Be Prepared to Pay More at the Pump from June

(The views and opinions expressed in this article are those of the attributed sources and do not necessarily reflect the position of Rigzone or the author.)
In this week’s edition of oil and gas industry hits and misses, Rigzone’s regular market watchers focus on pump prices, lease sales, Covid trends and more. Read on for more detail.
Rigzone: What were some market expectations that actually occurred during the past week – and which expectations did not?
Hillary Stevenson, Director, Industry Relations at oil and gas data firm Validere: Cushing inventories decreased 185,000 barrels to 26.152 million barrels last week, remaining bounded in a 22-to-30-million-barrel inventory range with price backwardation and strong refinery demand. U.S. refinery utilization was 91 percent last week, six percent higher than year-ago levels. Refineries and fuel blenders are preparing to shift to summer-grade gasoline ahead of the federally mandated May 1 switchover date. Summer grade gasoline has a lower RVP than winter blends, which makes it more environmentally friendly, but also more expensive. End-users should be prepared to pay more at the pump starting June 1.
Phil Kangas, Advisory Leader for Natural Resources & Mining, Grant Thornton LLP: Last week the Biden administration announced it will auction oil and gas leases on federal lands, a move that had been anticipated given pressures to address supply shortages. The move includes 144,000 acres located in nine states up for lease, approximately 80 percent less than the 733,000 acres of land nominated by industry. In addition, the Department of Interior’s Bureau of Land Management is increasing royalty rates on federal leases to 18.75 percent from 12.5 percent. The increase had been anticipated since a report last fall acknowledged the disparity between private and public royalty rates. The announcements were lauded and criticized by both climate activists and oil and gas industry groups, likely a sign that the moves represent good policy.
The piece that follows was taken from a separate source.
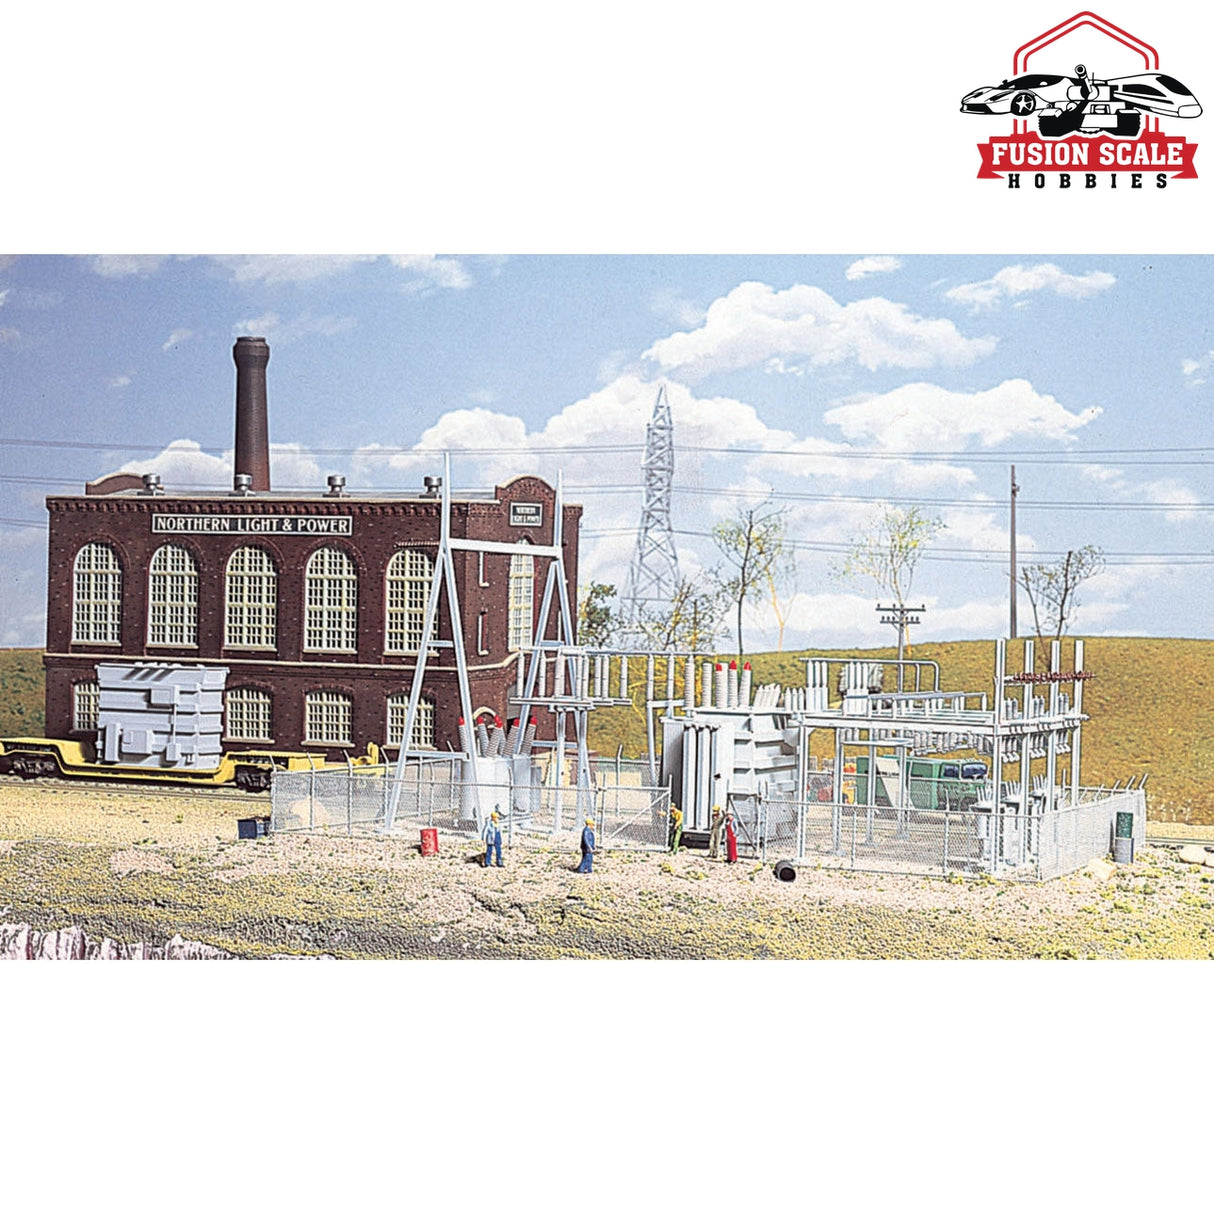 Walthers Cornerstone HO Scale Northern Light & Power Substation Kit 81/2 x 121/2" 21.6 x 31.8cm

Rigzone: What were some market surprises?
Stevenson: Henry Hub NYMEX spot prices hit the highest price since 2021 winter storm Uri on April 18. Prices were driven higher by a combination of lower than normal temperatures throughout most of the lower 48 and strengthening international demand. Higher domestic and international demand contributed to U.S. natural gas storage volumes exiting the heating season 16.8 percent lower than the five-year average, according to EIA data.
Kangas: Responding to a March Covid surge, Chinese officials locked down the financial hub Shanghai, affecting a population nearly the size of the State of Texas. Given the scope of these actions, last week both OPEC and the International Energy Agency (IEA) cut their 2022 demand forecasts. The previous month’s IEA short term energy outlook report had warned of a supply shortage, with much of Russia’s production having been taken out of the market based on the international response to the ongoing conflict in Ukraine. The lockdown in China, coupled with substantial production increases from the U.S., OPEC and other non-OPEC producing nations, appears for now to have modulated the market imbalance.